The reason the images have to be so small is that they must be loaded (fully decompressed) into VRAM during training in small batches, usually between 6-24 images per batch. Too few images per batch, and there is not enough group material to generalize well, in addition to extending the training time; too many, and the model may fail to obtain necessary characteristics and detail (see below).
This ‘live loading’ section of the training architecture is called the latent space. This is where features are repeatedly extracted from the same data (i.e. the same images) until the model has converged to a state where it has all the generalized knowledge it needs to perform transformations on later, unseen data of a similar type.
This process generally takes days, though it can take even a month or more of constant and unyielding high volume 24/7 cogitation to achieve useful generalization. Increases in VRAM size are only helpful up to a point, since even minor increments in image resolution can have an order-of-magnitude effect on processing capacity, and related effects on accuracy that may not always be favorable.
Using greater VRAM capacity to accommodate higher batch sizes is also a mixed blessing, as the greater training speeds obtained by this are likely to be offset by less precise results.

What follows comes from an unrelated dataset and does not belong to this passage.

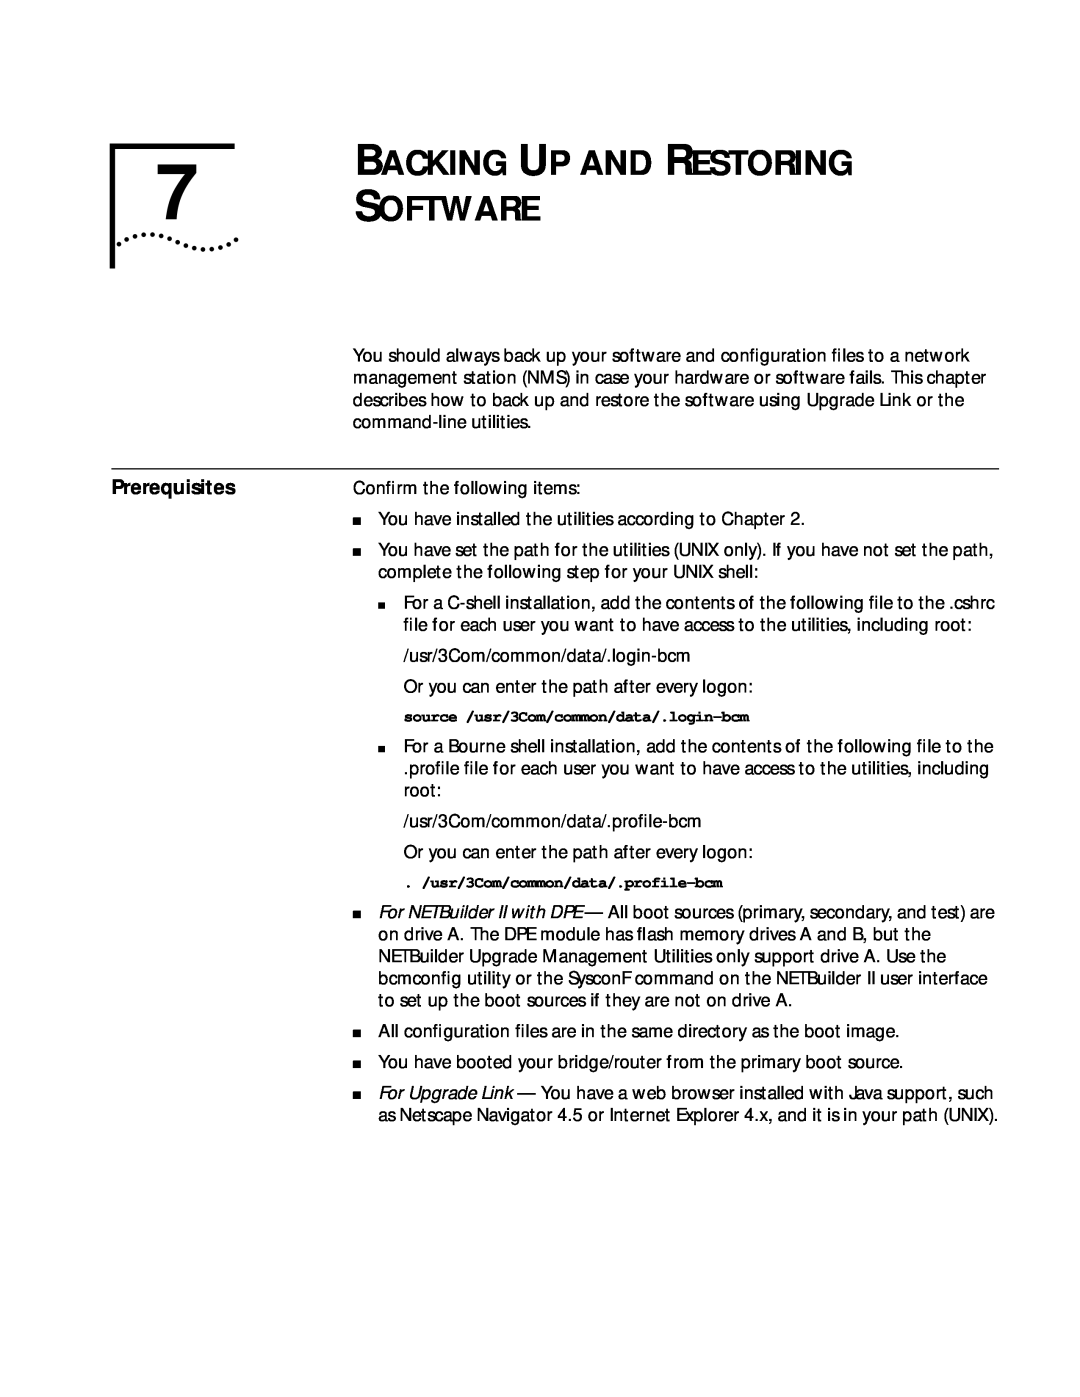 3Com ENTERPRISE OS 11.3 manual BACKING UP AND RESTORING 7 SOFTWARE, Prerequisites

Therefore, since the training architecture is so constrained, anything that can effect an improvement within the existing limitations of the pipeline is a notable achievement.
How Superior Downsizing Helps
The ultimate quality of an image that will be included in a training dataset has been proven to have an improving effect on the outcome of training, particularly in object recognition tasks. In 2018 researchers from the Max Planck Institute for Intelligent Systems contended that the choice of resampling method notably impacts training performance and outcomes.
Additionally, prior work from Google (co-written by the new paper’s authors) has found that classification accuracy can be improved by maintaining control over compression artefacts in dataset images.
The CNN model built into the new resampler combines bilinear resizing with a ‘skip connection’ feature that can incorporate output from the trained network into the resized image.
Unlike a typical encoder/decoder architecture, the new proposal can act not only as a feed-forward bottleneck, but also as an inverse bottleneck for up-scaling to any target size and/or aspect ratio. Additionally, the ‘standard’ resampling method can be swapped out for any other suitable traditional method, such as Lanczos.
High Frequency Details
The new method produces images that in effect seem to ‘bake’ key features (that will ultimately be recognized by the training process) directly into the source image. In aesthetic terms, the results are unconventional:
The researchers note that these initial experiments are exclusively optimized for image recognition tasks, and that in tests their CNN-powered ‘learned resizer’ was able to achieve improved error rates in such tasks. The researchers intend in future to apply the method to other types of image-based computer vision applications.